— Material provided —
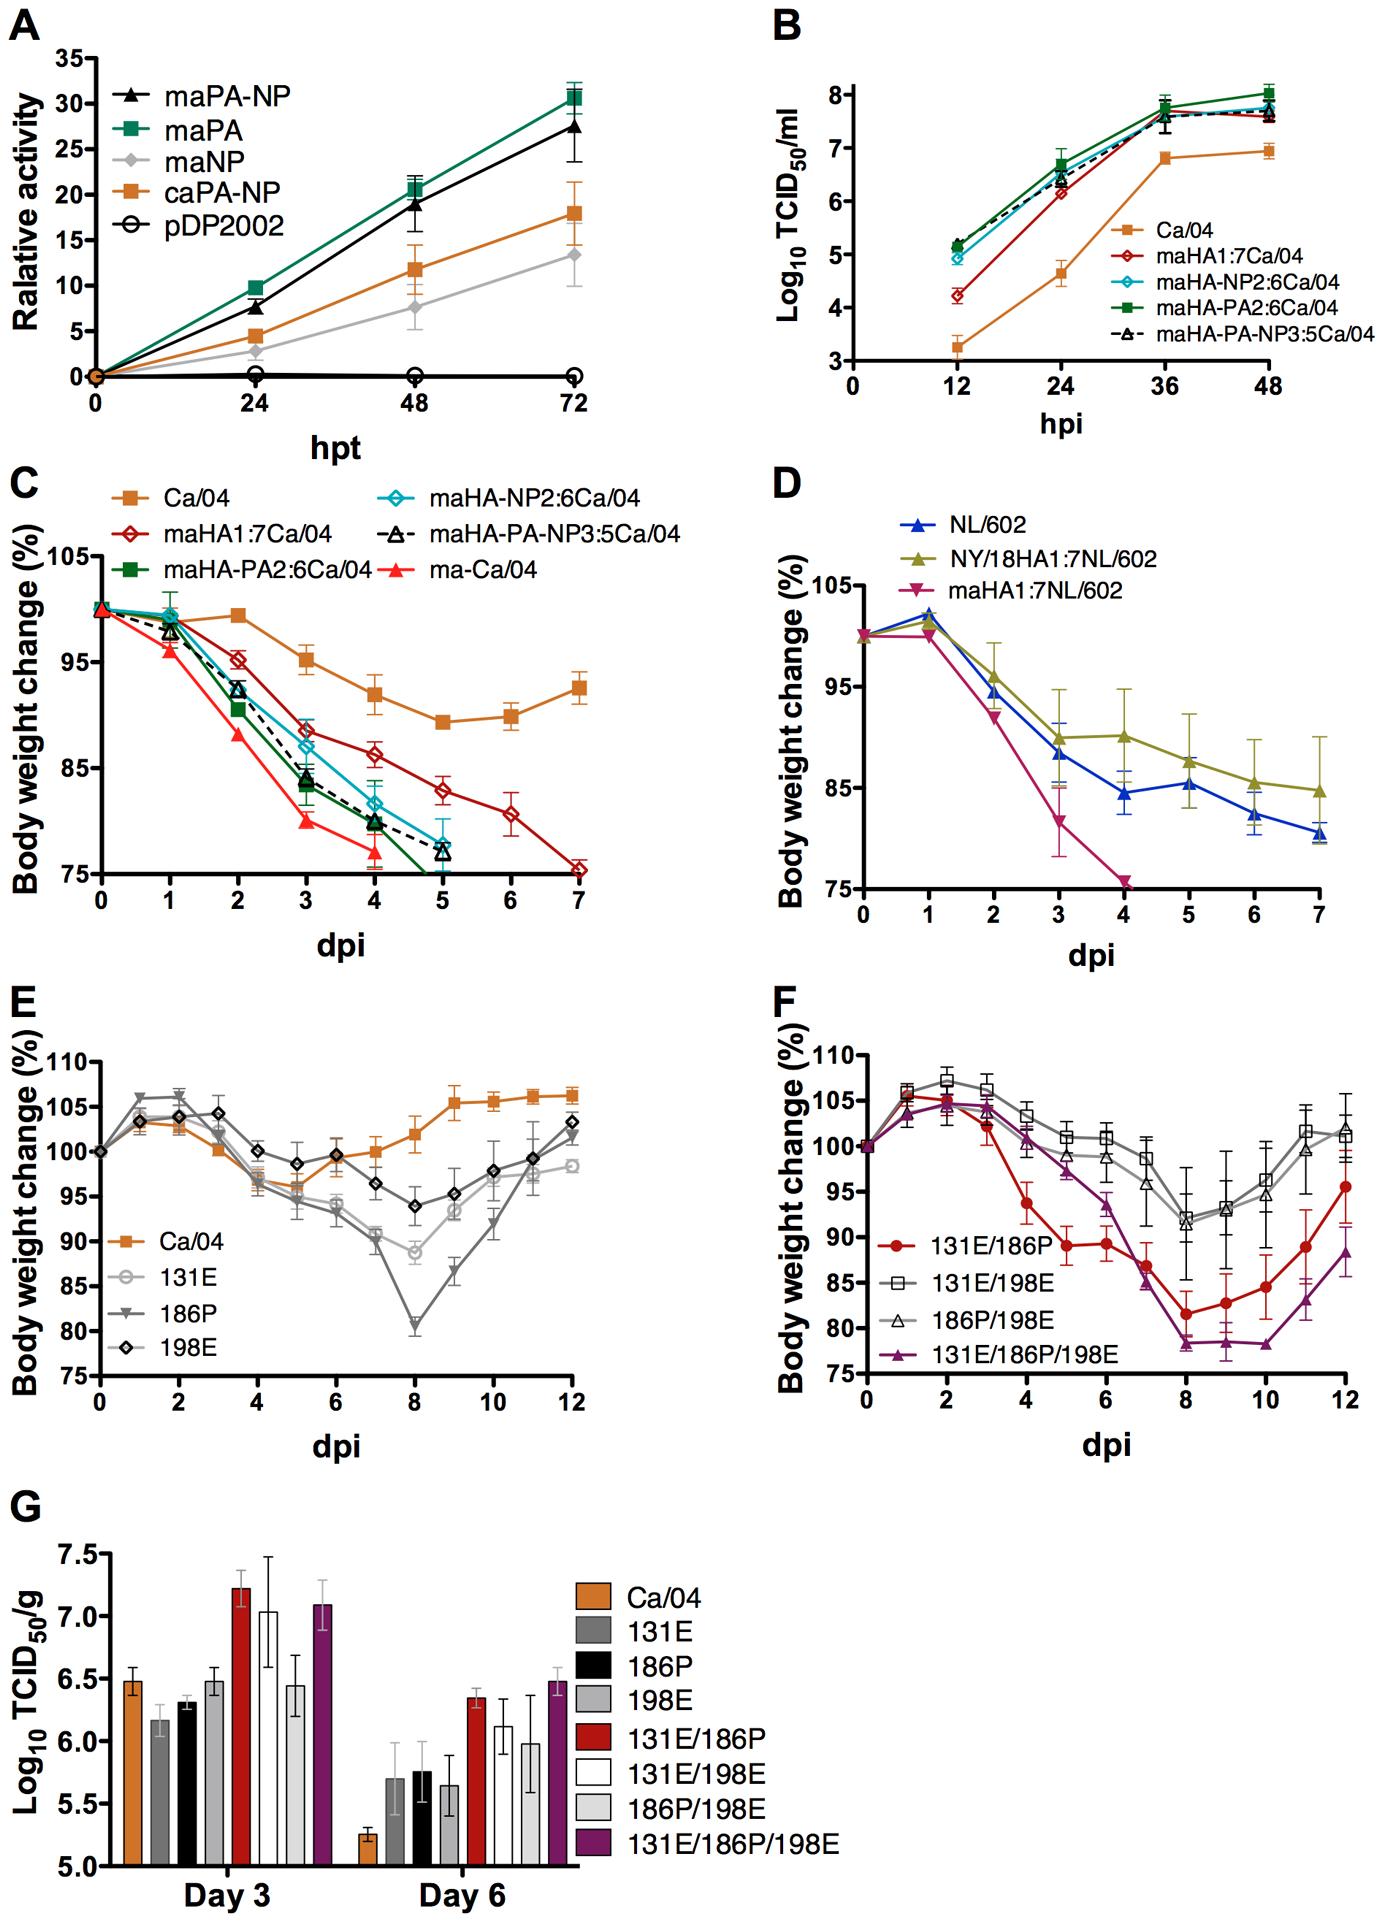 Effects of amino acid mutations for virulence of ma-Ca/04.
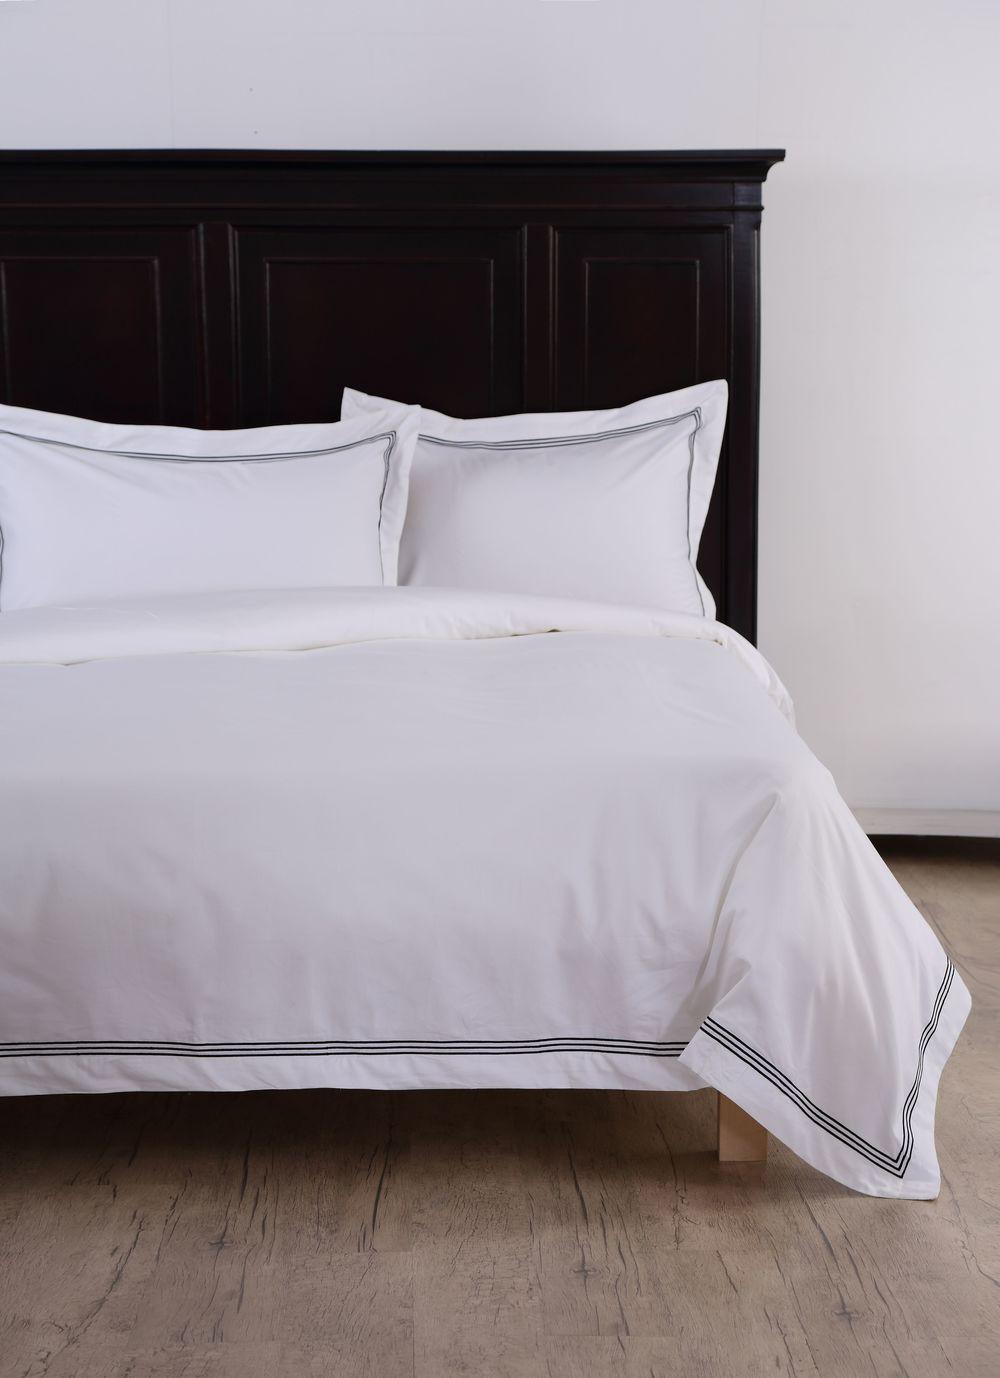 Sleep Naked Black Corded Luxury Bed Linen Set_HK$2145 For King Size
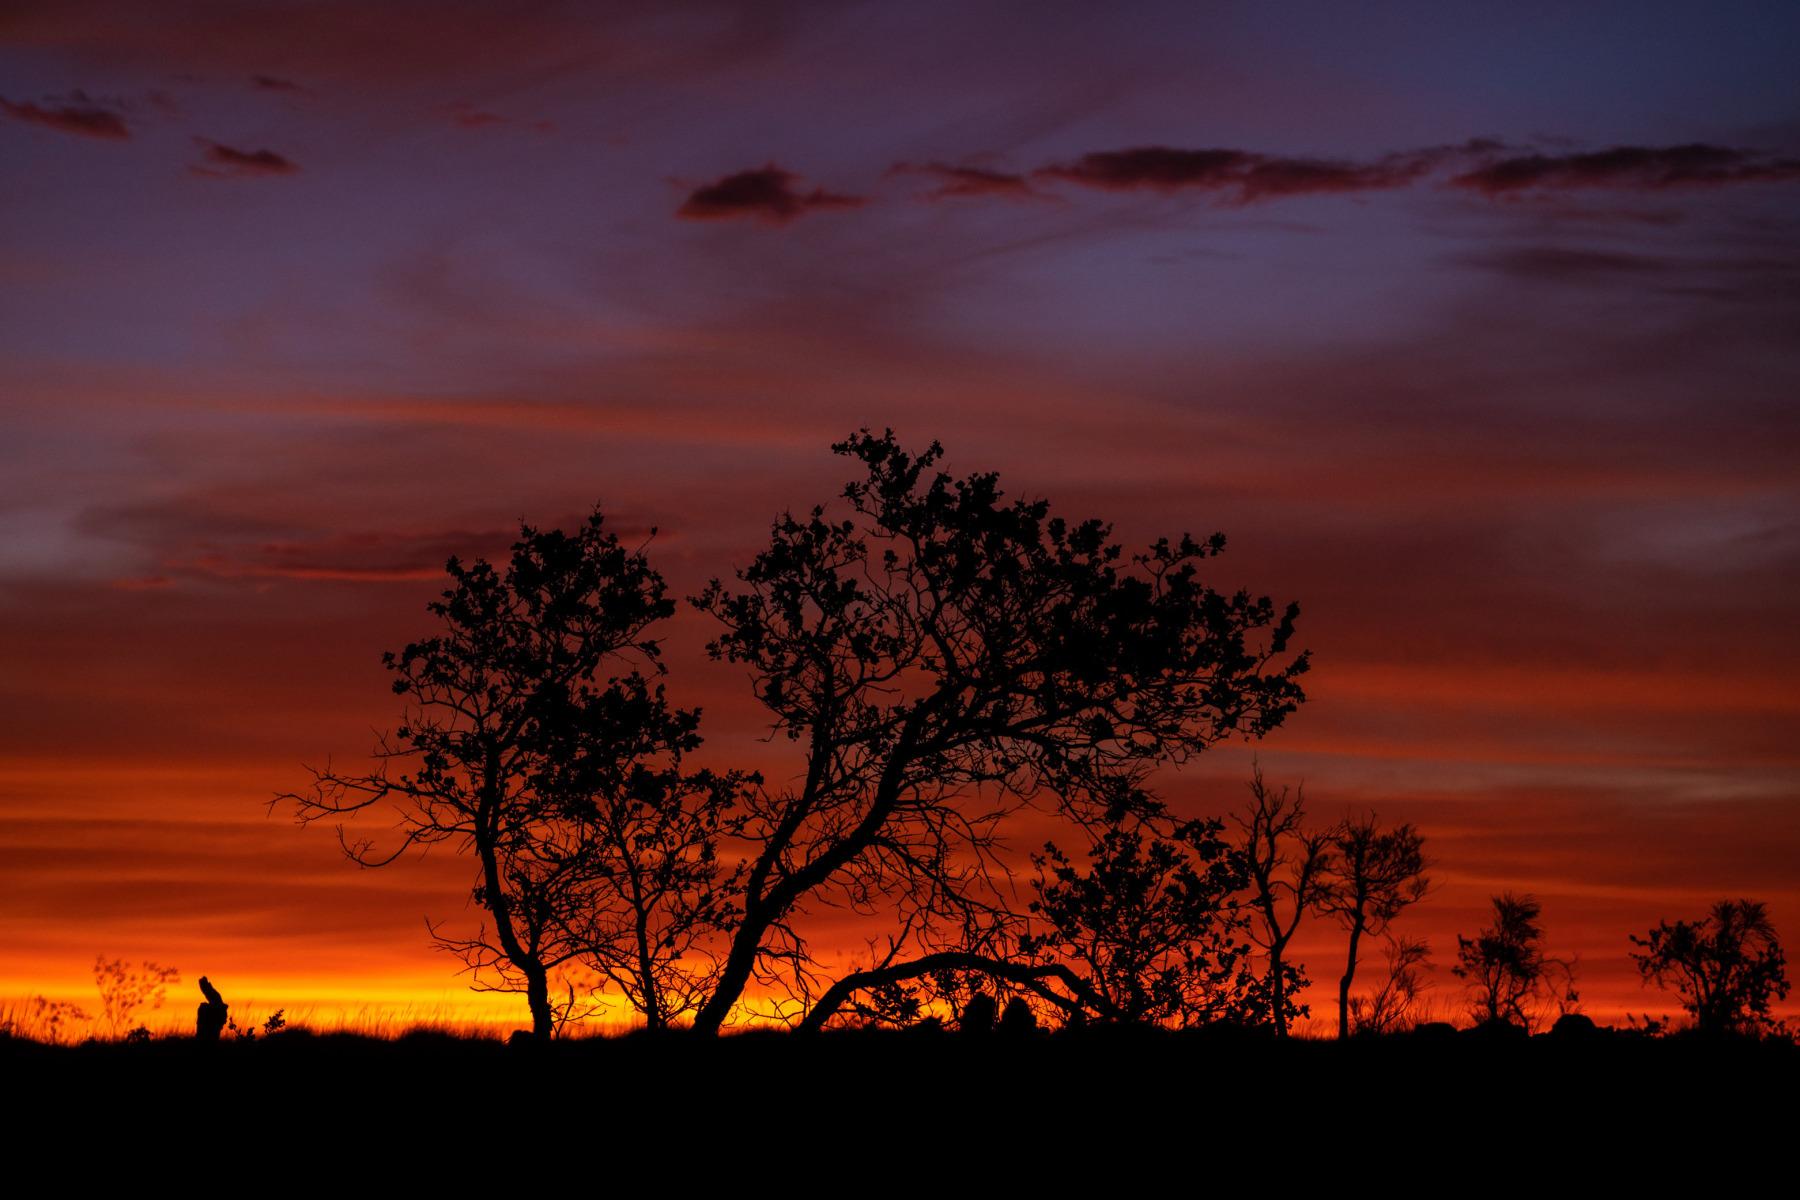 DSC04698_Telfer-Road_nach-Sonnenuntergang

— Work to complete —
When you repeat the data, keep every line exact and drop the images.

— Exercise answer —
 Effects of amino acid mutations for virulence of ma-Ca/04.
 Sleep Naked Black Corded Luxury Bed Linen Set_HK$2145 For King Size
 DSC04698_Telfer-Road_nach-Sonnenuntergang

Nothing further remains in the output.